There are two main tools ( think ollama ) - Automatic1111 ( gradio like UI ) which only works with stable diffusion models... and ComfyUI ( NodeRed like UI ), where comfy ui supports all models but is harder to set up and learn.
For best model in general, I think that Ideogram 2 and Recraft model are the best one to use, recraft.ai allows you to create styles based on the images you upload and that's very useful as the model is not open.
For anime Novel V3 is still the best one after almost a year, Illustrious for open models.
I'm not even talking about the high res feature, just the returned image was better looking, more on-prompt and without weird artefacts
If you're generating images for personal use, there are lots of open weight models that are quite capable.
From the pictures I can kinda assume that this is some transformer/stable diffusion based image generator, but that's because I work in tech.

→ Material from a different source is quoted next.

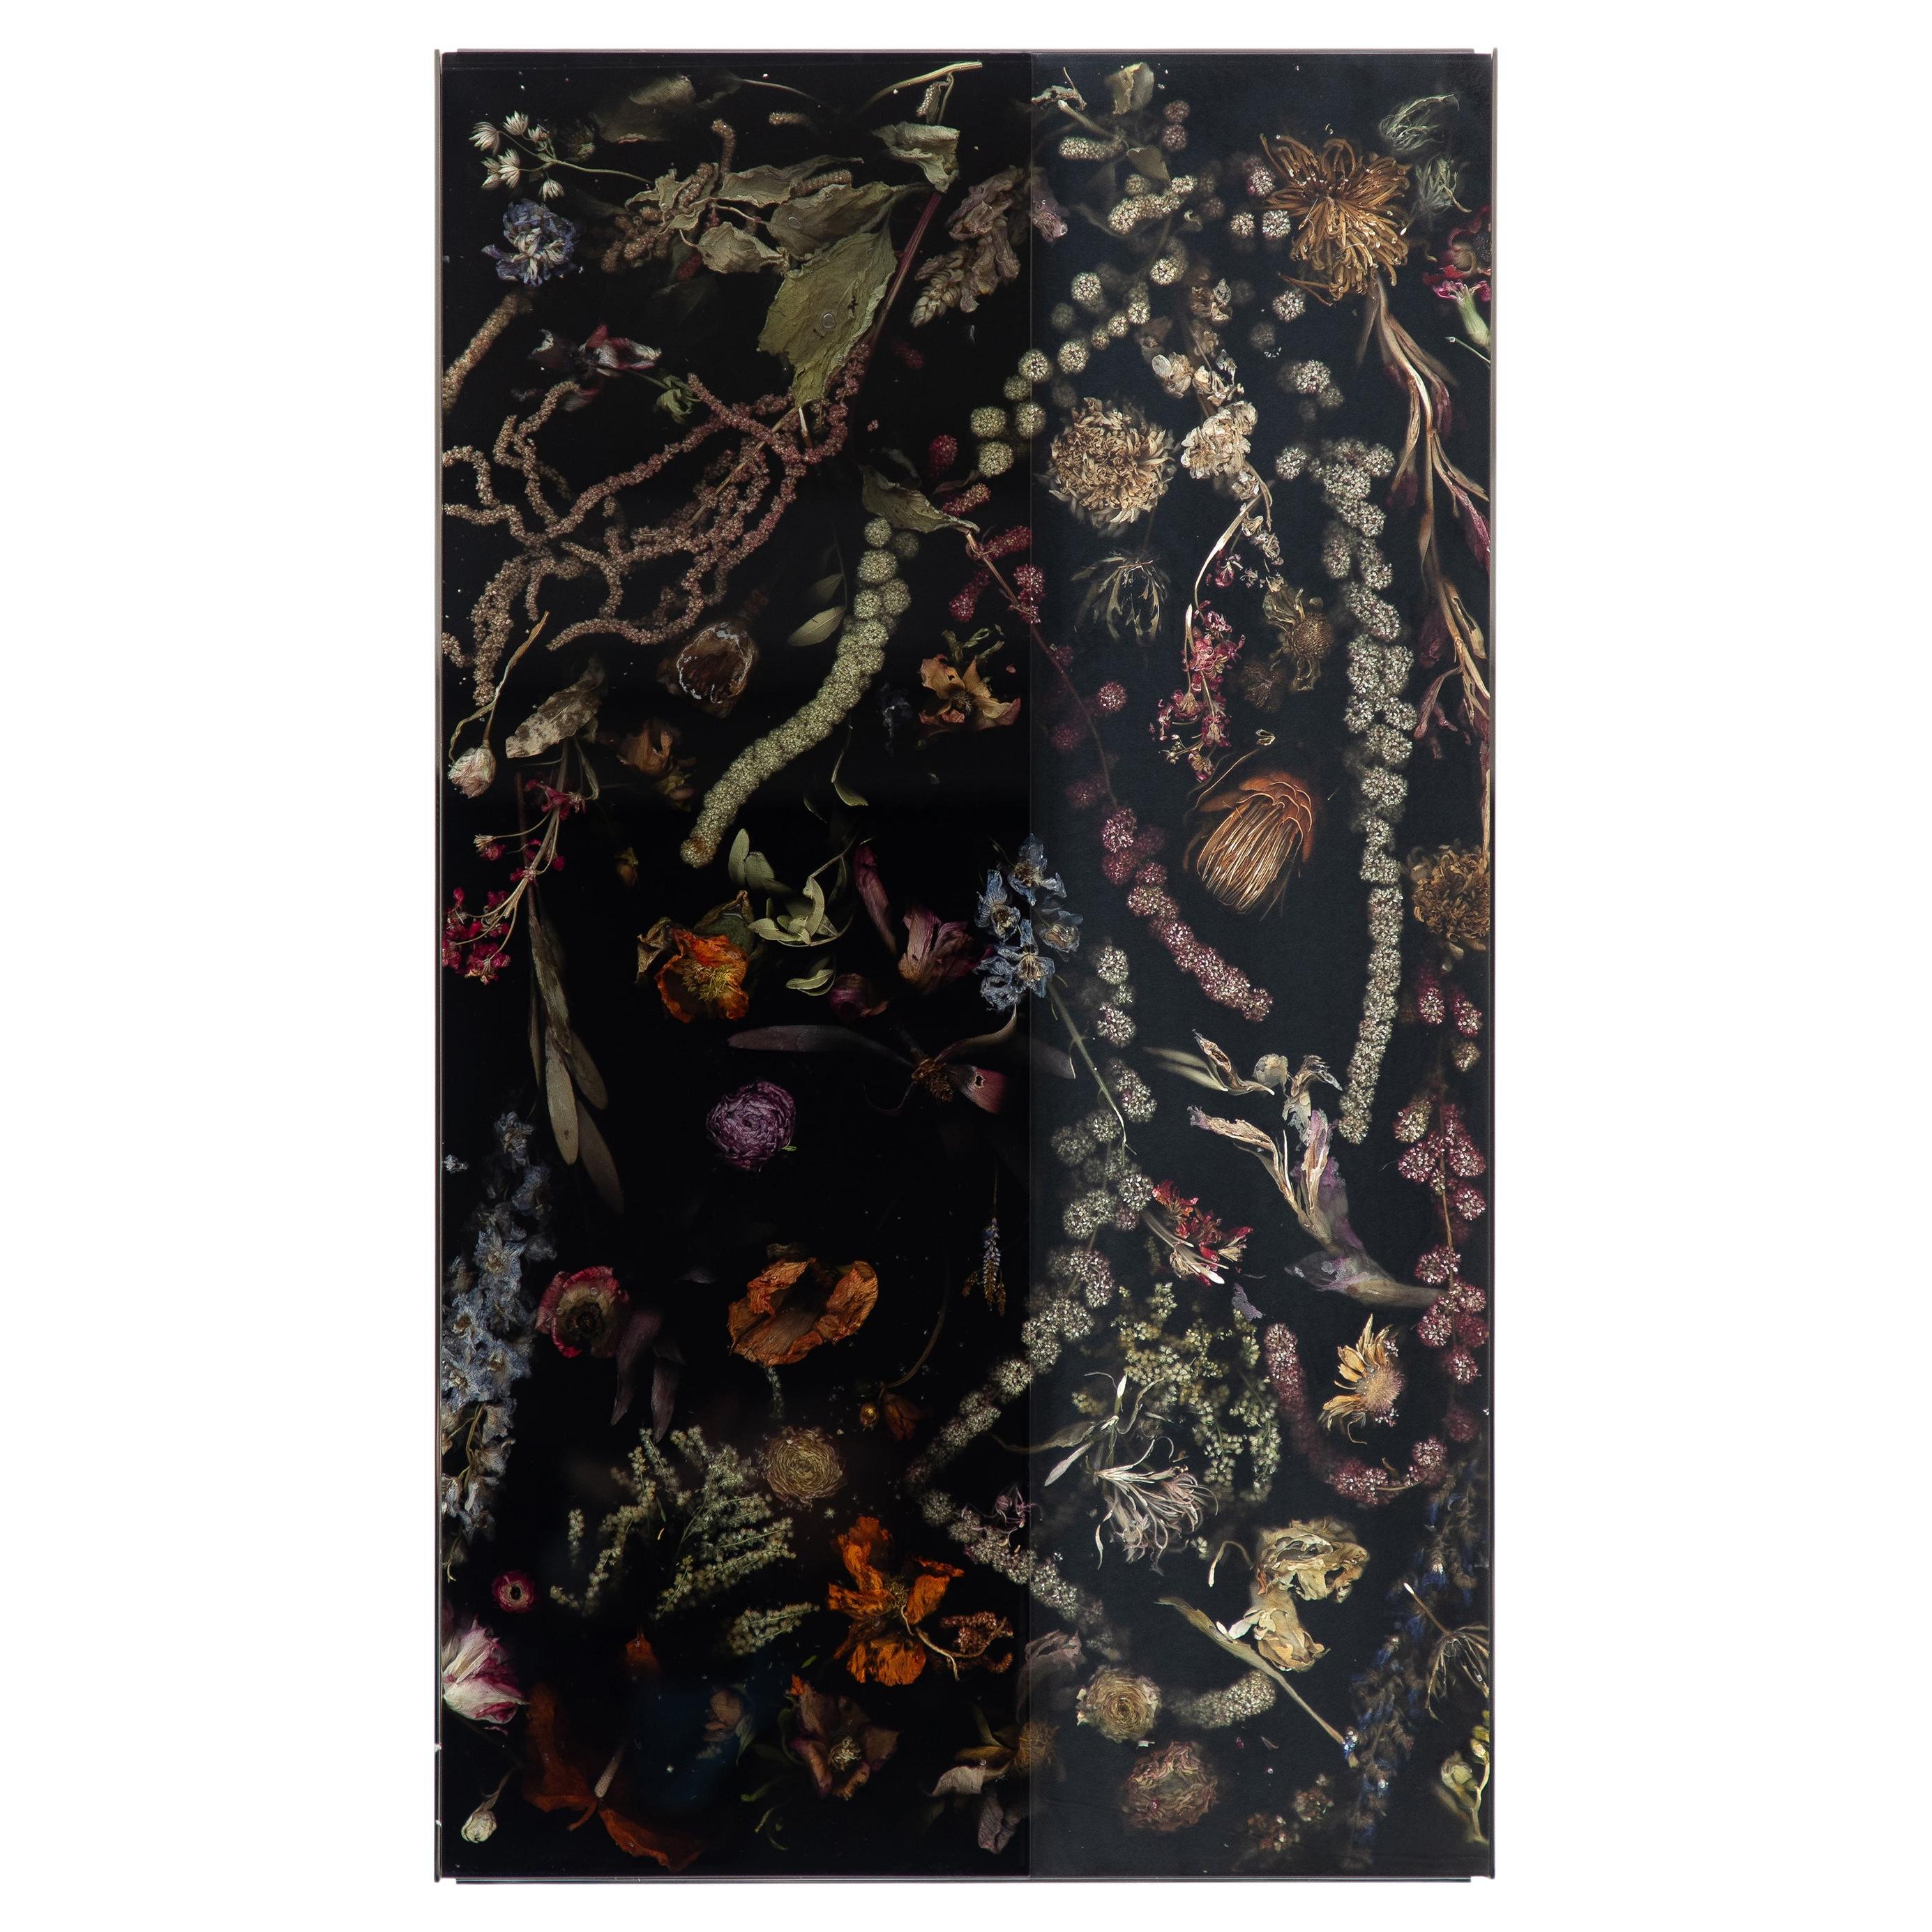 Marcin Rusak, Flora Wandbehangsstück 46, schwarz polierte/matte Oberfläche, auf Lager im Angebot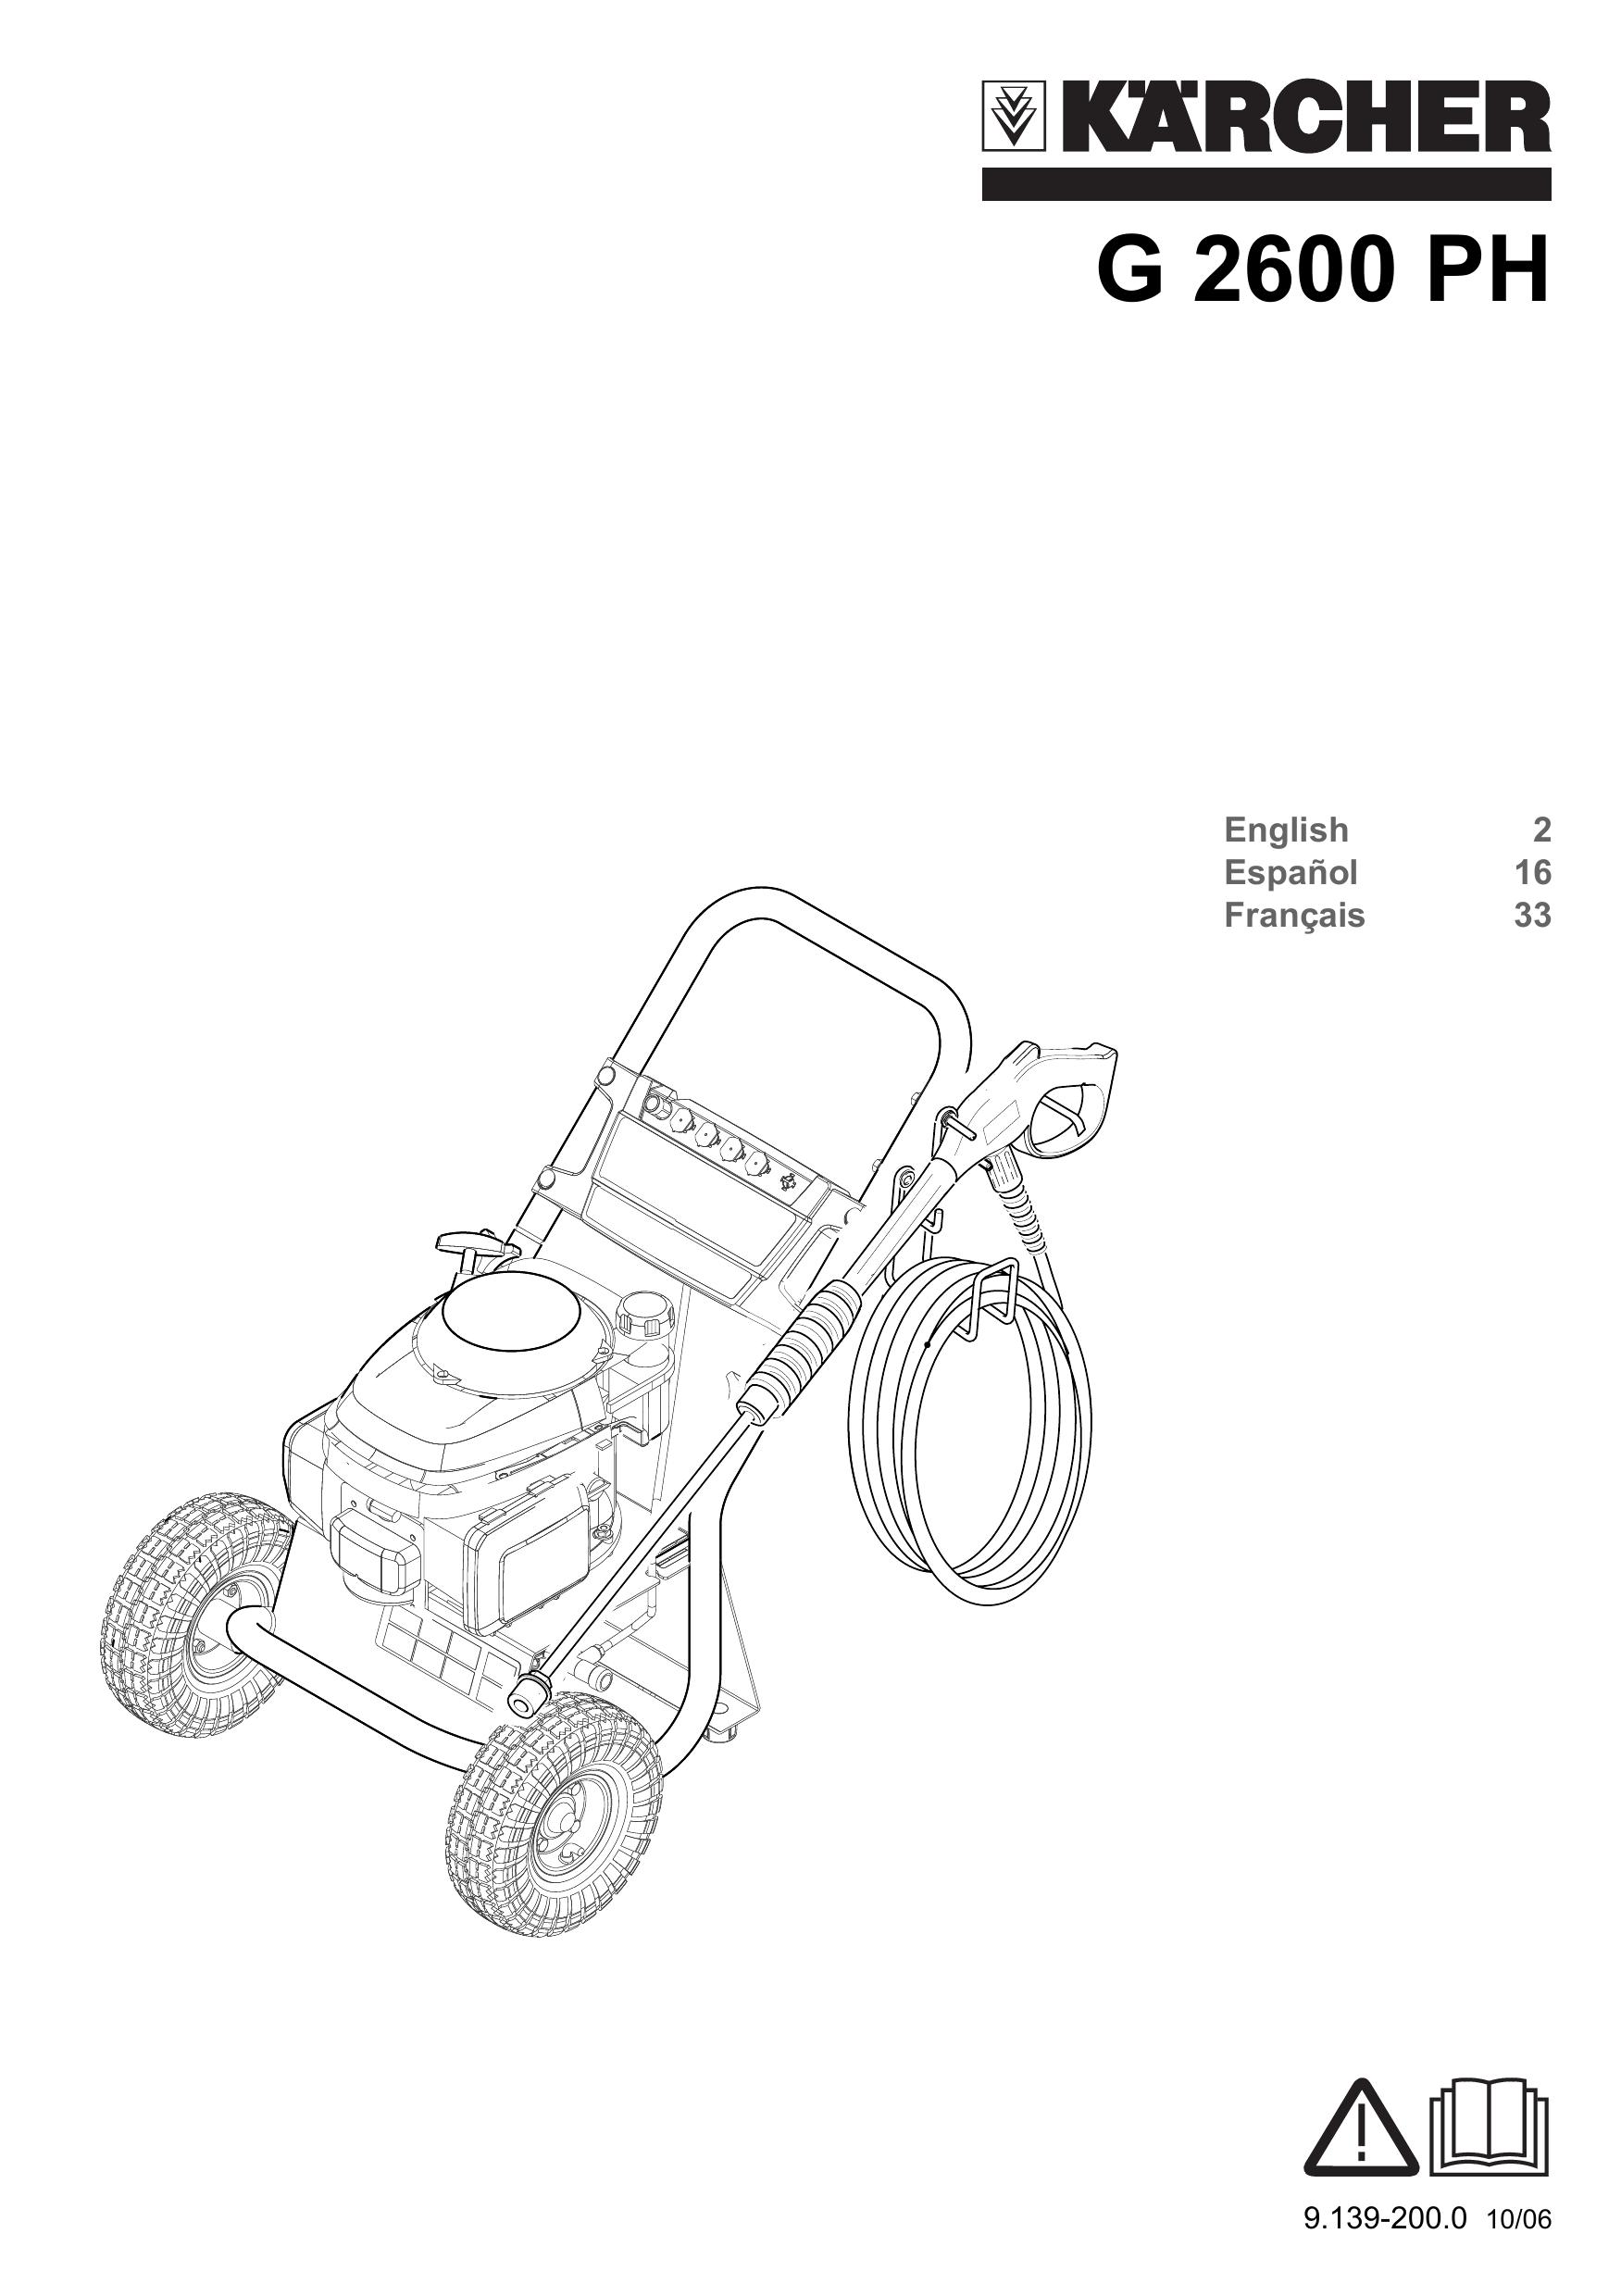 Karcher G 2600 PH Pressure Washer User Manual

If anyone at Flux reads this: please add a simple explanation above the fold that tells visitors something like "FLUX is an AI based image generator", or something like that. Explain what you do, before you dive into marketing terms and jargon.
When I see a site that is more hype than substance, I assume it's some kind of grift and close the tab.
> Ready to experience the next generation of image creation? Access FLUX1.1 [pro] through our API today.
* "ultra" means 4x resolution at 10s/sample without sacrificing prompt adherence.
* "raw" means the generated images look more like candid photos.
* $0.06 per API call to generate an image.
no fluff, only detailed and specific information. the whole thing is less than 150 words.